On the other hand, if the interest rates and capitalization rates would moderate in the future and the REIT is able to use a lower cap rate of, for instance 6.50%, it would likely add about C$58M in value.
Investment thesis
As of the end of Q1 2024, the book value per share was approximately C$4.95 (including the impact of the C$4.2M in Class B Exchangeable LP Units on the share count). This means the stock is currently trading at a discount of approximately 25% to its book value. At the current share price the dividend yield is approximately 7.6% and although the distribution was not fully covered by the AFFO result in the first quarter of 2024, I think the full-year result will cover the distribution as the maintenance capex and leasing expenses in the first quarter of the current year were relatively high.

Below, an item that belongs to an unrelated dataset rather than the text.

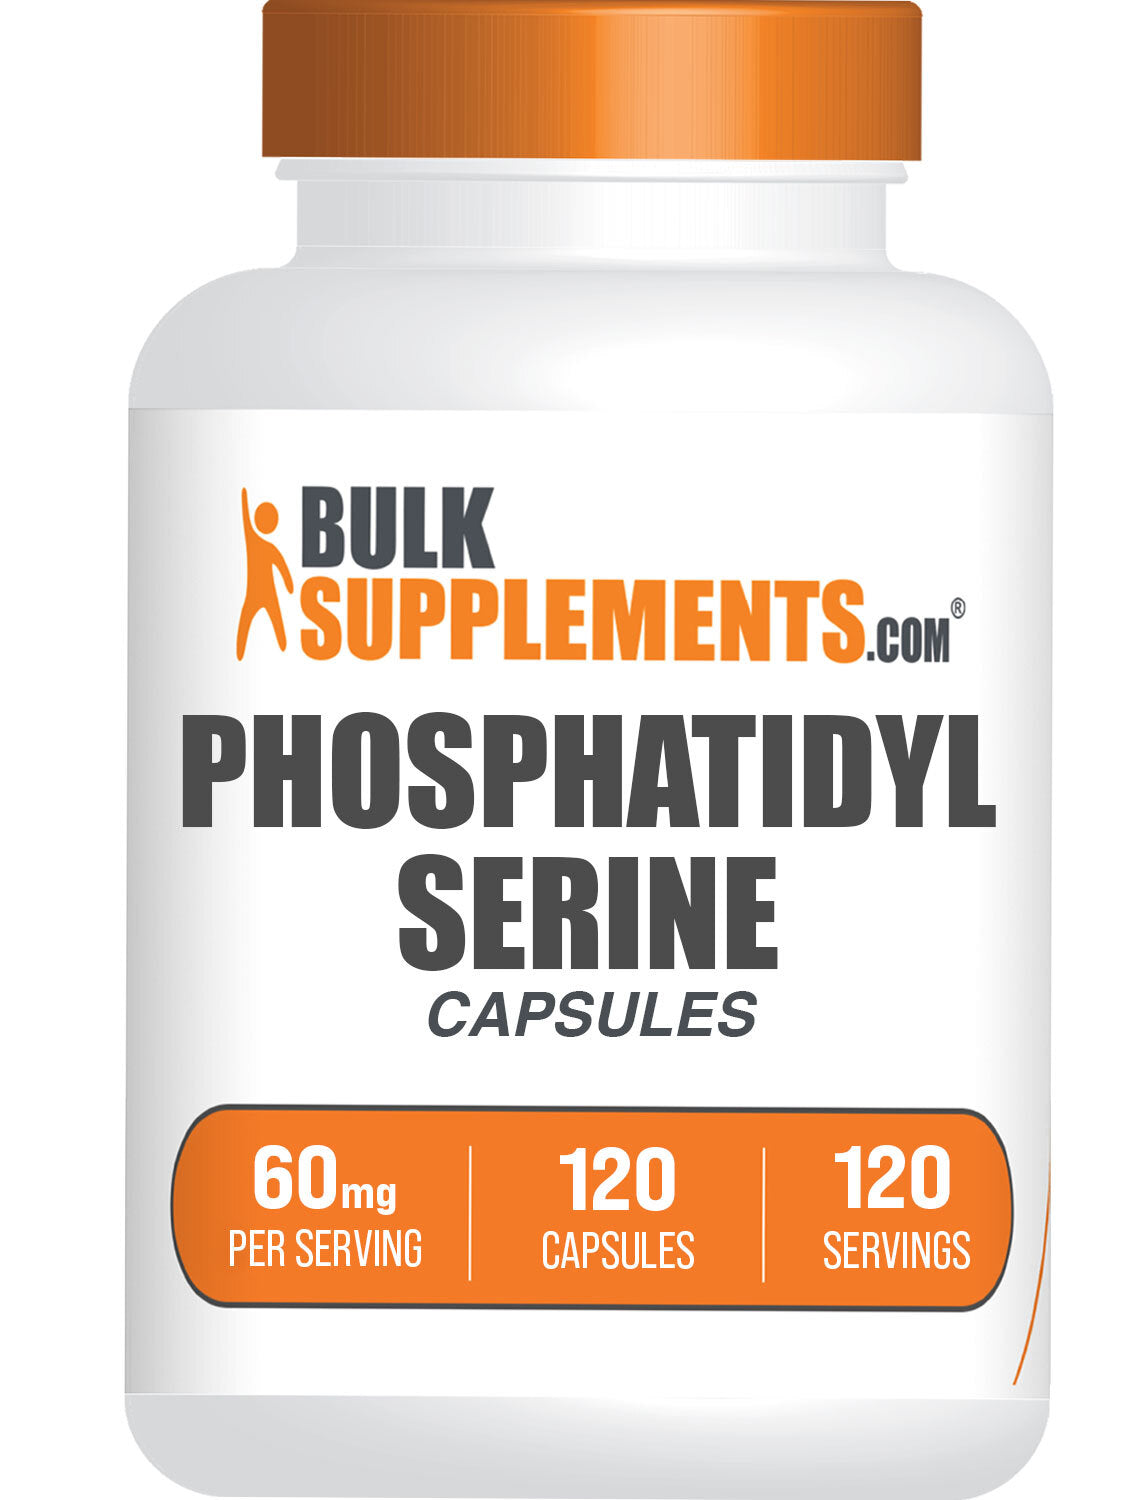 Phosphatidyl serine capsules 120 count
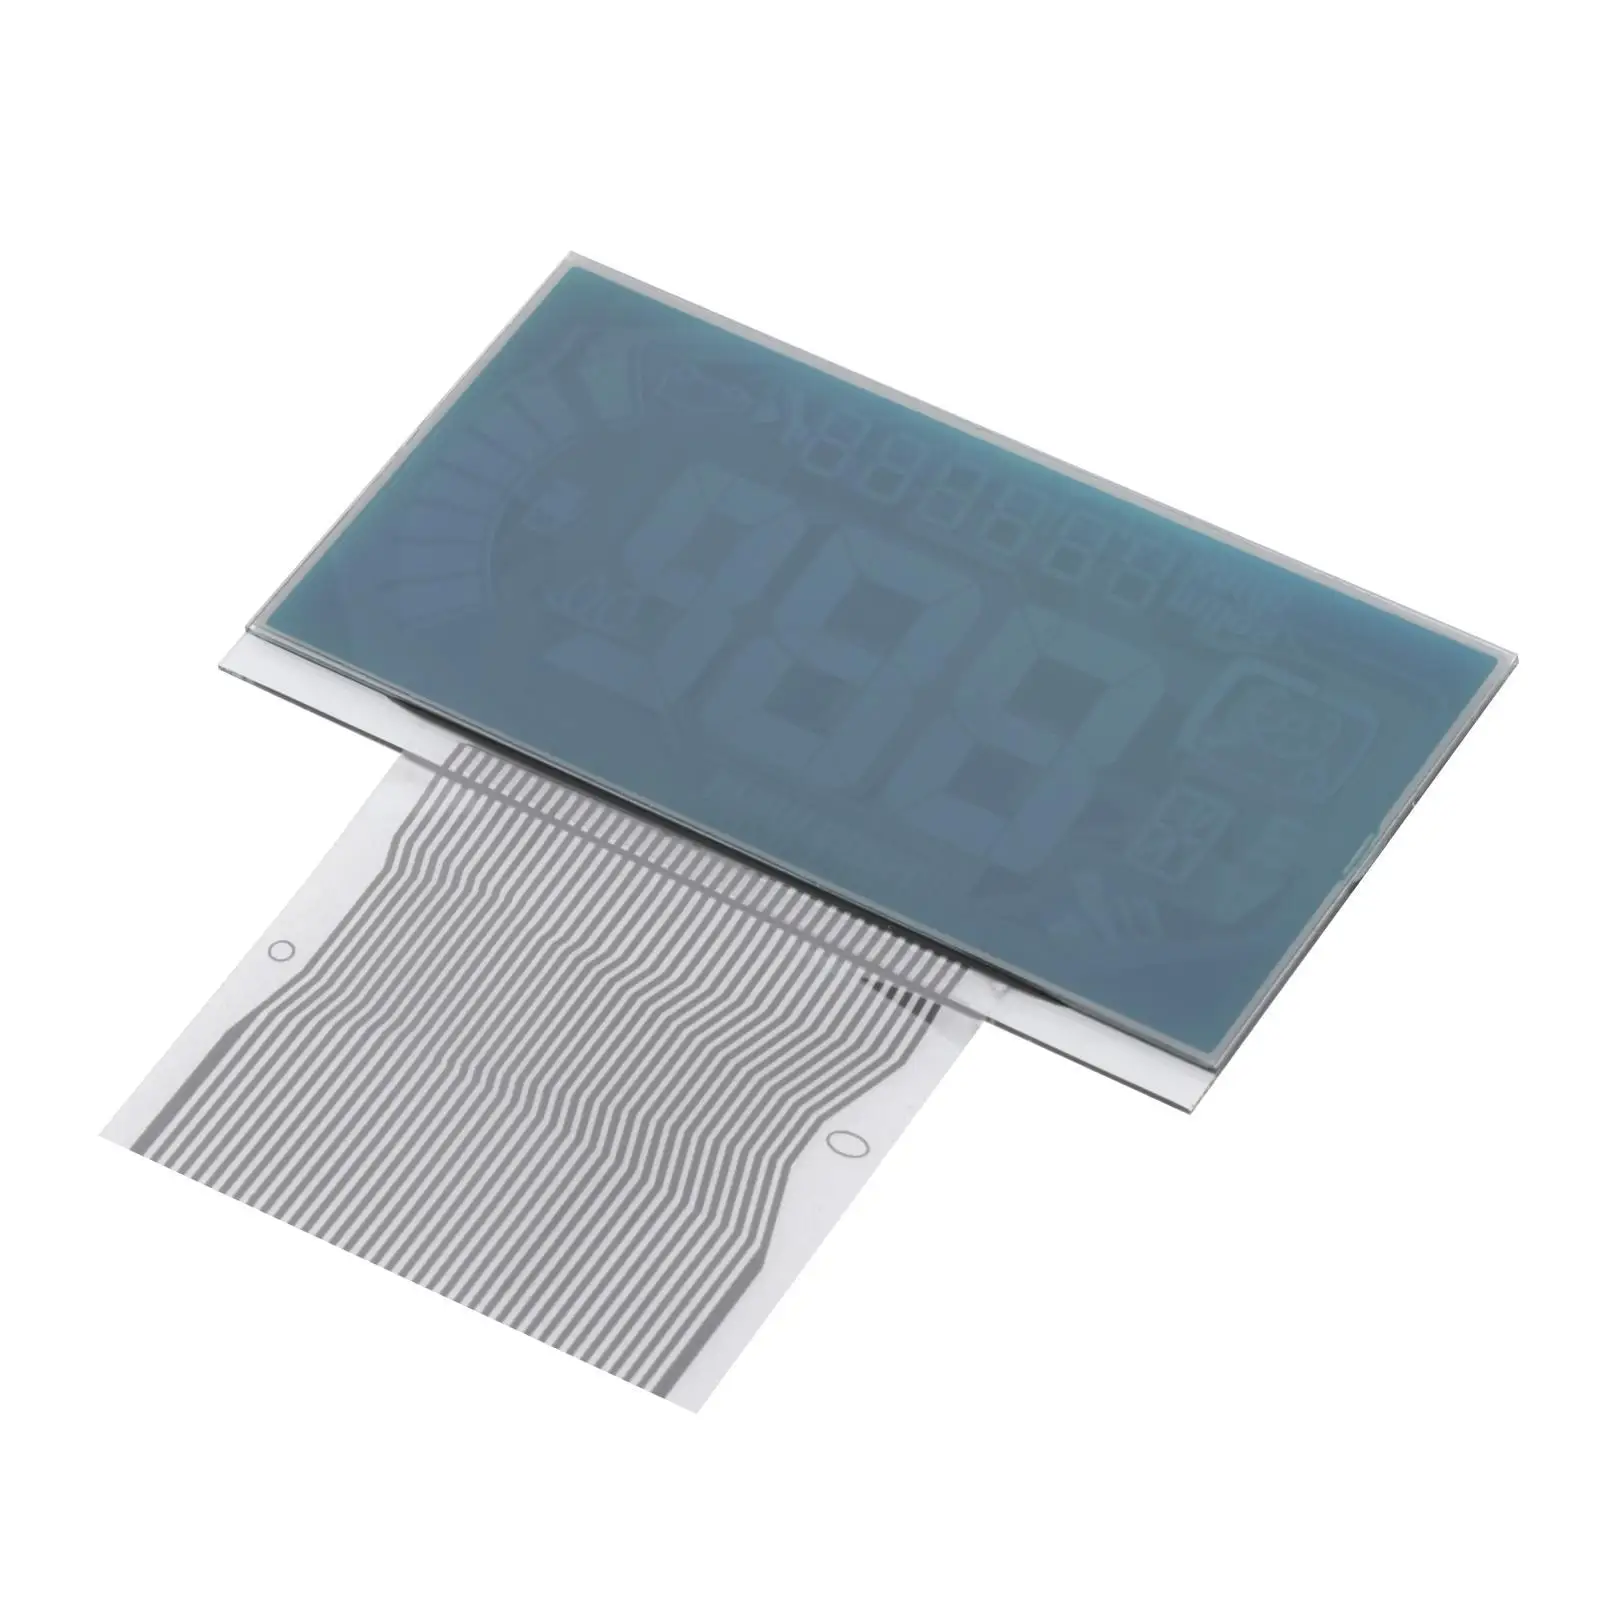 LCD Gague Display Speedometer Instrument for Twingo II 2 MK2 Combi Durable Professional Premium High Performance

I currently have no position in Plaza Retail REIT as I have been favoring other Canadian REITs recently. Plaza is cheap from a NAV perspective and attractive from an income perspective. But based on its AFFO performance with an AFFO per share of C$0.291 in FY 2023 and my expectations to see an AFFO of C$0.30 this year, the earnings multiple isn’t very low. But as mentioned before, the renewal spreads are pretty strong and this could hopefully boost the earnings somewhat.
Editor’s Note: This article discusses one or more securities that do not trade on a major U.S. exchange. Please be aware of the risks associated with these stocks.